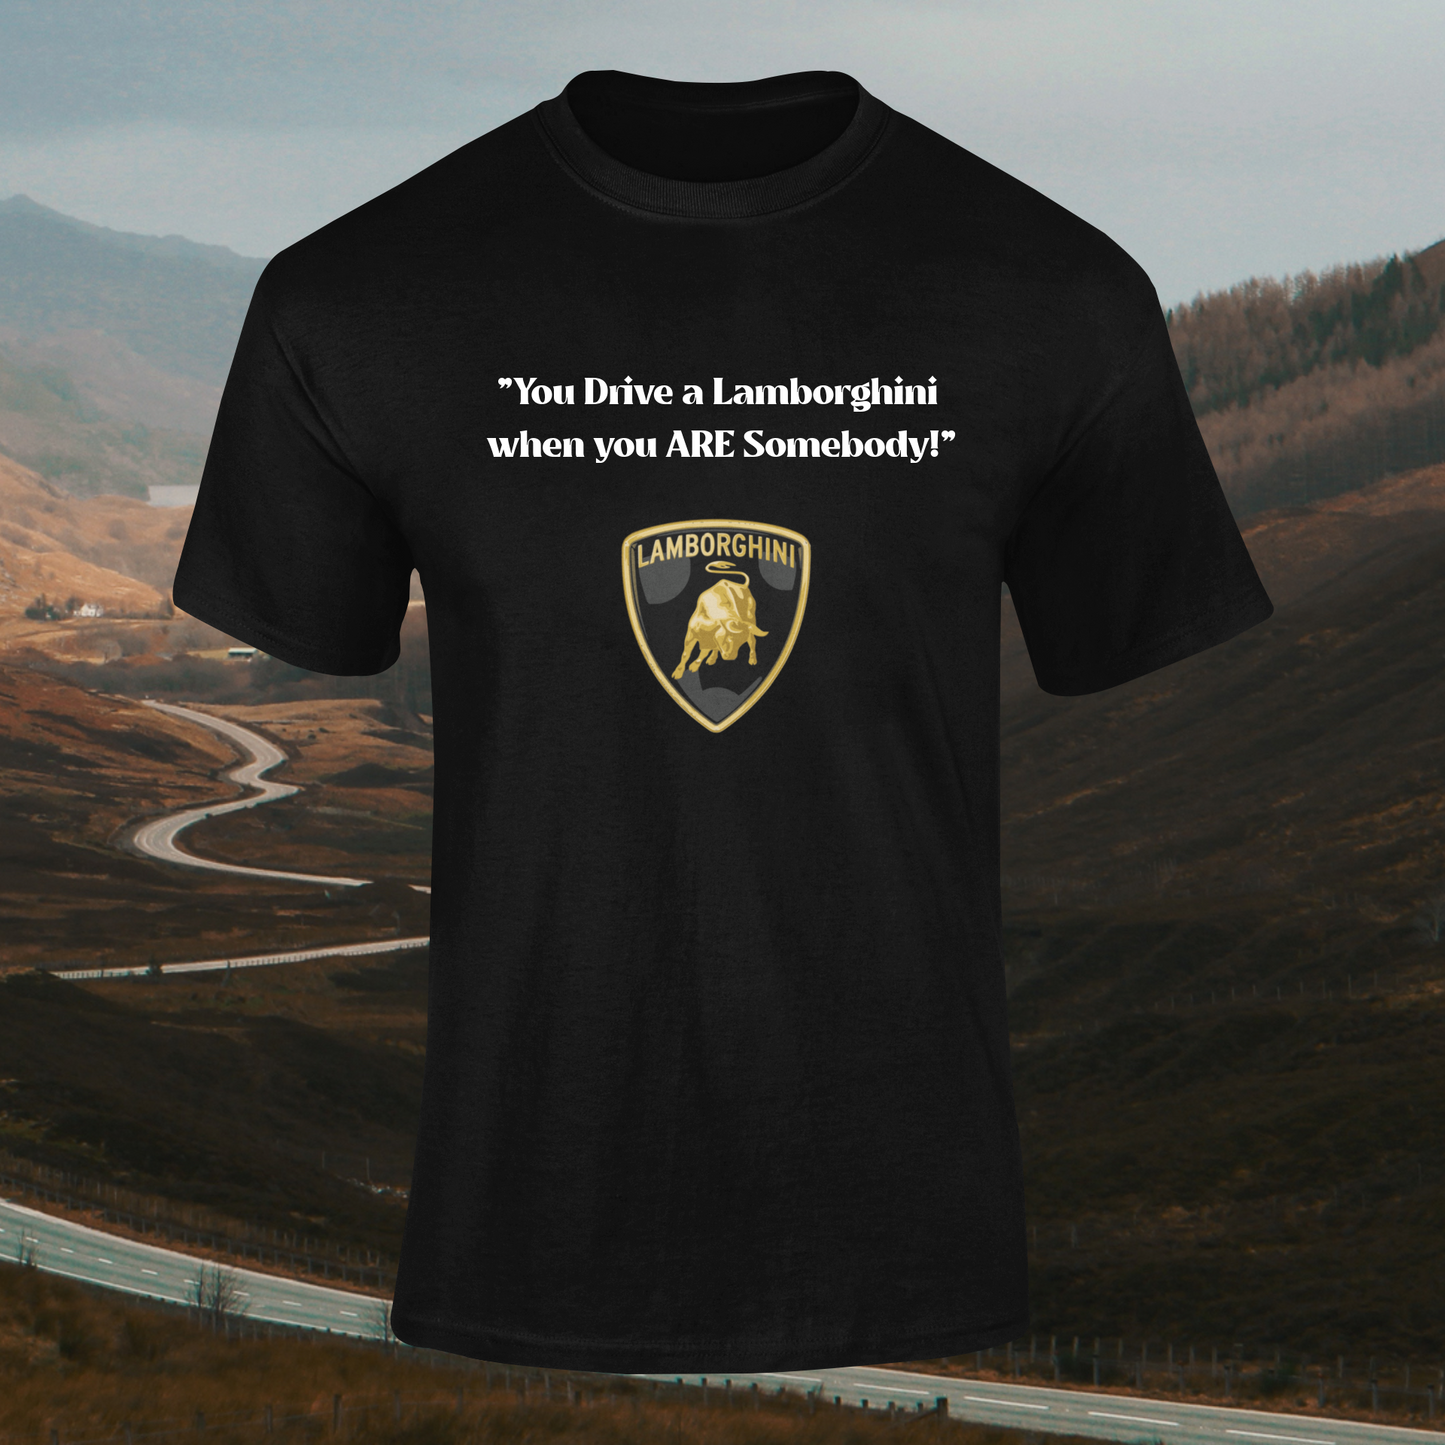 Lamborghini T-shirt
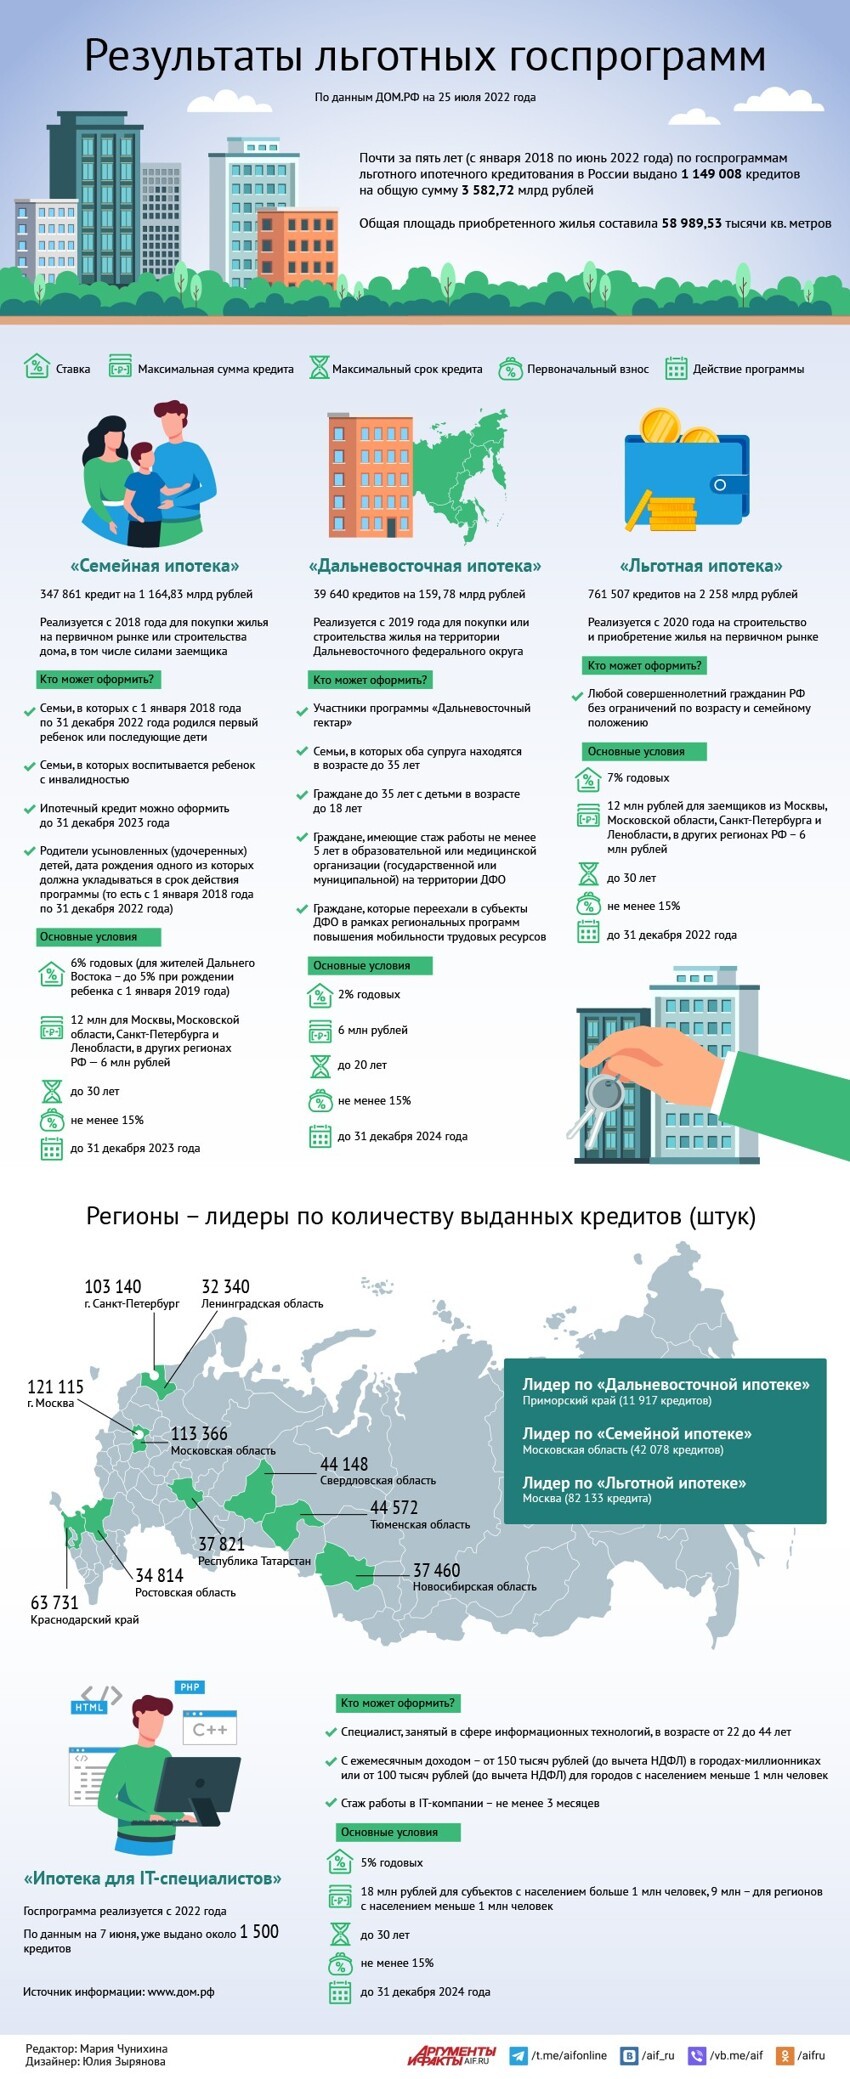 Сколько льготных ипотечных кредитов выдали в России?
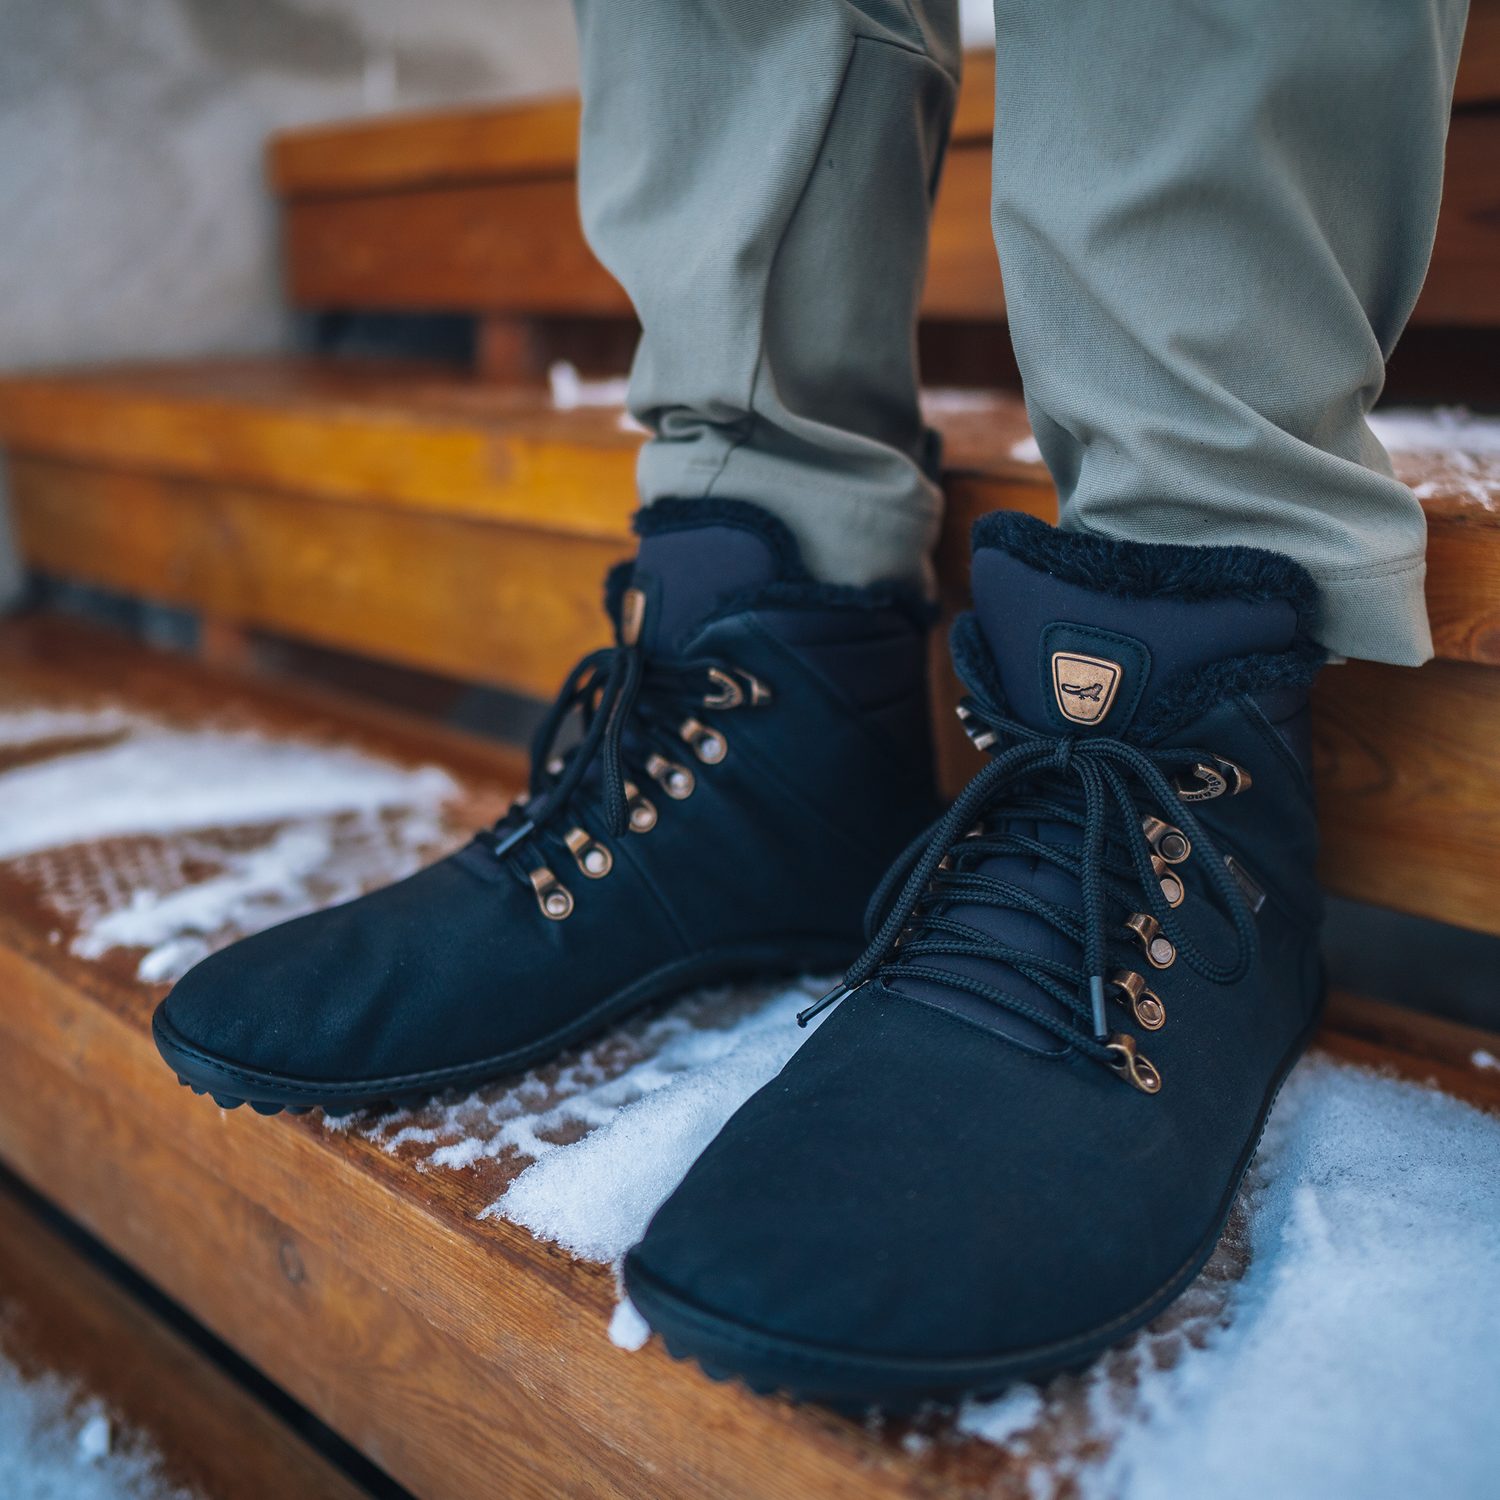 naBOSo – RECENZE LEGUANO HUSKY: Pohodlné bačkory do nepohodlných podmínek –  Zažijte pohodlí barefoot bot.

+-------+

_Task directions_
What is needed is an exact copy of the data, without any pictures.

_Response_
 Lamborghini T-shirt
 Сколько льготных ипотечных кредитов выдали в России?
 naBOSo – RECENZE LEGUANO HUSKY: Pohodlné bačkory do nepohodlných podmínek –  Zažijte pohodlí barefoot bot.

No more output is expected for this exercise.